I've been thinking about issues of on-line participation and democracy quite a
lot recently and so I guess, have a lot of other people.

What I think is clear is that the Field of Dreams approach--build it and they
will come is just that, a Field of Dreams... lot's of folks are building them
(on-line processes for consultation/participation)
but not many folks are using them...

The question is how to draw some useful conclusions/direction from the
participation (or lack of participation) in these
and on a different level, to ask the question does the lack of (low level of)
participation overall mean that this
approach doesn't work and should be abandoned.

My personal conclusion is that we are just at very early stages in this process
and we are just testing out different technologies--physical, social,
emotional--for how these things can, or can be made to, work.  We are collecting
examples of how they won't work (Fields of Dreams) but there are also some
interesting examples of how they can be made to work--the anti-MAI and anti-WTO
initiatives,
C4LD in Toronto, even GKD and the GDG discussion are very good examples...  The
failed examples are too numerous to even try to list...

Some personal observations:
    * if you want specific kinds of outputs, you need to work at them and this
doesn't come for free... If someone wants to use ICT's for consultation it is
not enough to just set up an email list and expect the consultation to flow...
It needs care and nurturing--facilitation and animation--time and attention
    * web consultations work even less well than email consultations except in
highly constrained spheres or environments
    * to a very considerable degree silence is consent.  Around any single issue
or area of concern, there will be a rainbow of responses--from those with a
passionate interest to those with only the vaguest knowledge.  If the issue
matters enough to them, people will begin to pay attention and respond.  If
those with the passionate interest are diverting the process then they will
elicit a response from those with a less passionate interest and so on... This
happens on the net just as it does IRL...
    * we have no idea at this point how to link Net democracy/participation into
Real Life democratic participation... what has been done in this area to date is
the political equivalent of the DotCom craze/crash people threw a lot of
unsustainable models at the problem and when they weren't sustainable they
crashed... it doesn't mean that E-Commerce (E-participation?) is a dud, only
that figuring out how to make it work is going to take more effort/resources
than people originally expected
    * we need some theory on participation/democracy on the Net and we need some
significant re-analysis of current theories of participation/democracy in the
light of the Net as participation prosthetic.

However, IMHO the technology is fundamentally supportive of democratic
participation.  It has the capacity not only to facilitate communications,
information/knowledge sharing, and multi-logues but also to enhance and extend
these and thus by any definition they can only lead to greater democratic
participation (political disintermediation) rather than less.

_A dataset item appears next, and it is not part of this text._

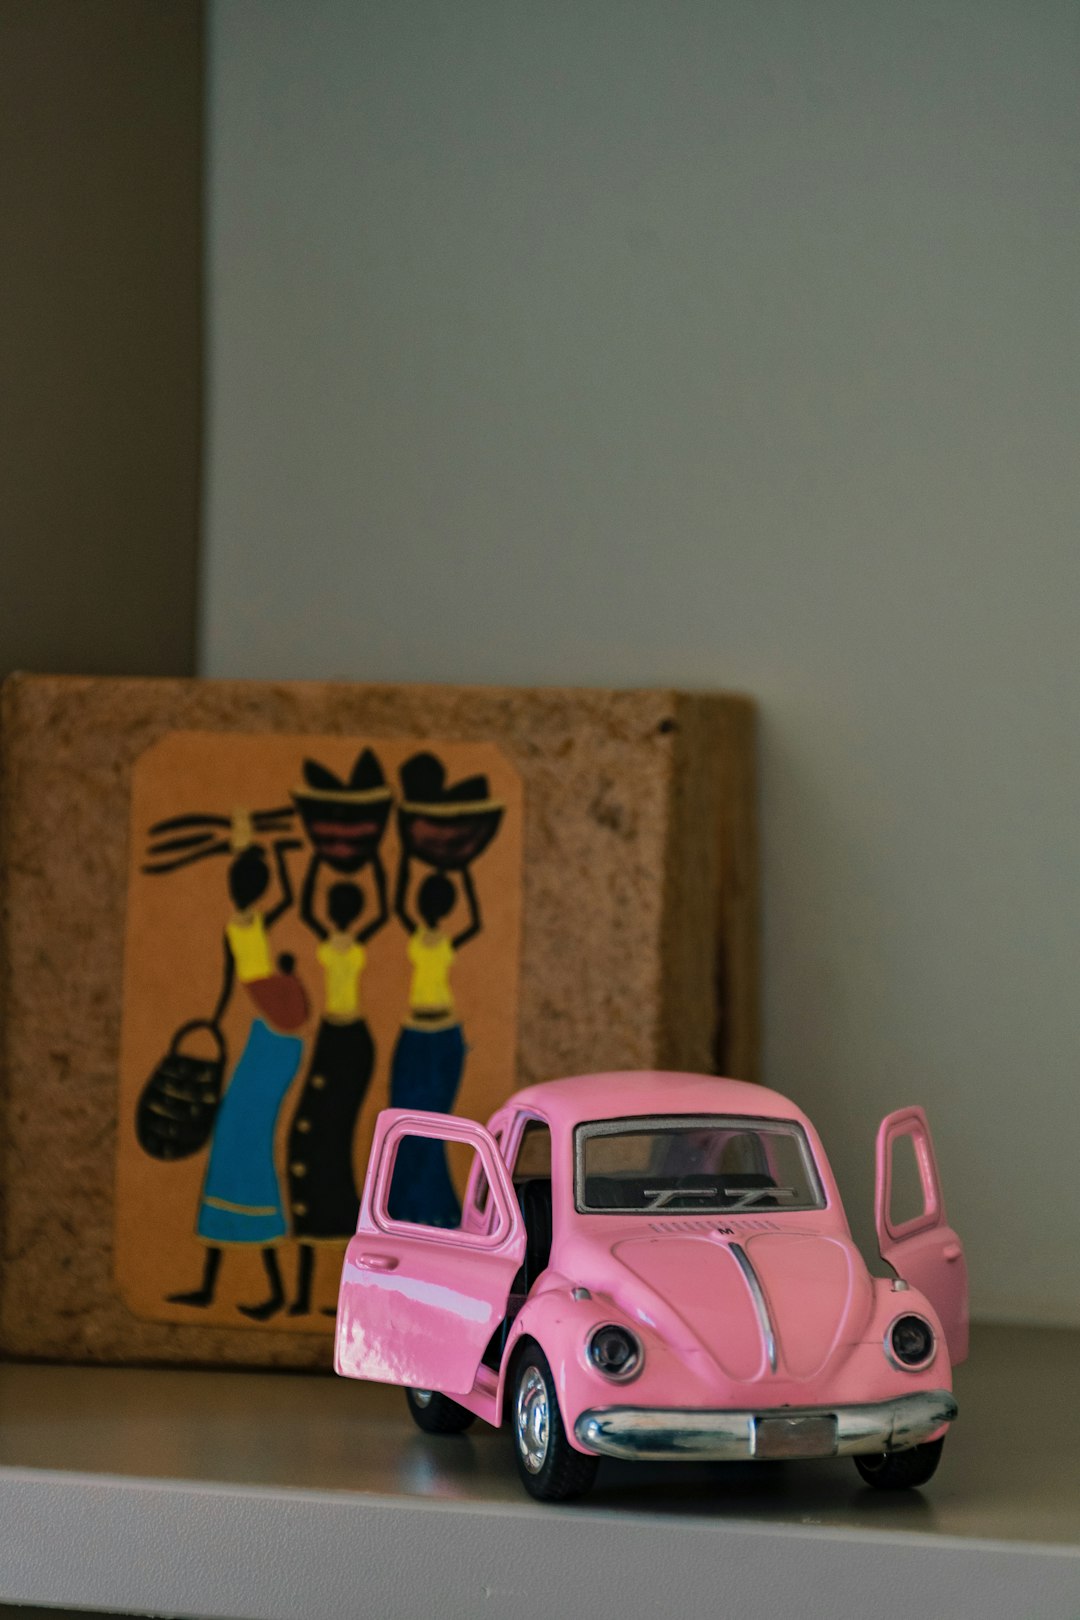 pink car toy beside brown cardboard box

There are of course, issues of access, but probably even now in developed
countries and in many parts of developing
countries, more folks have more access to broader political and participatory
processes via computer communications than through any other available means.

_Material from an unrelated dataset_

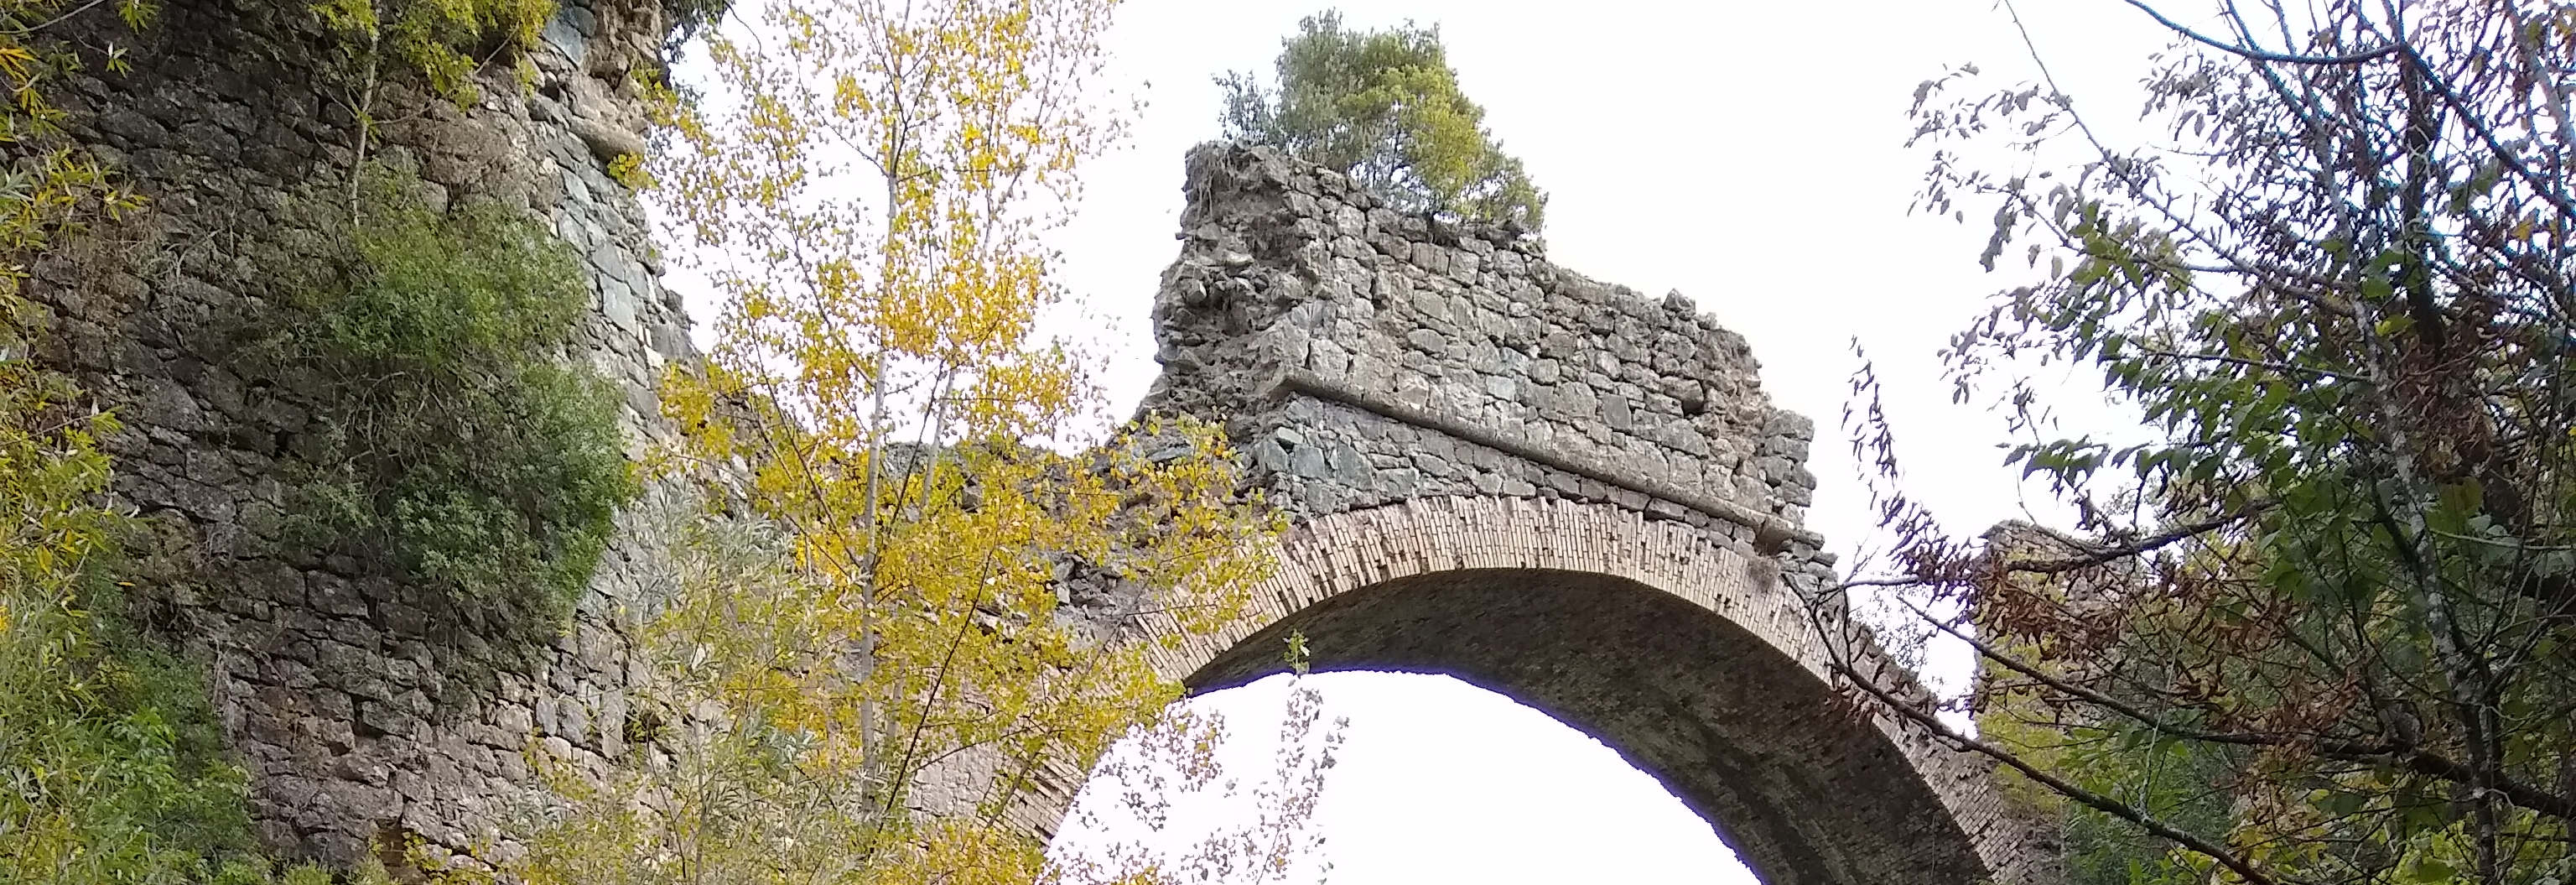 A ruined bridge

(I have a feeling BTW that a lot of those who are saying, well it hasn't worked
so let's give up on it, are pursuing other and fundamentally anti-democratic or
anti-participation agendas rather than anti-technology ones...

Mike Gurstein

----- Original Message -----
From: Colin J. Williams <cjw@sympatico.ca>
To: CPI-UA Universal Access <cpi-ua@vcn.bc.ca>
Sent: Sunday, February 04, 2001 2:19 PM
Subject: [CPI-UA]: Reform Democracy for the Internet Age


A Don Tapscott, a Toronto guru, offers advice to President
George W. Bush and looks to the new president to lead the
way so that Bush will assure his place in history.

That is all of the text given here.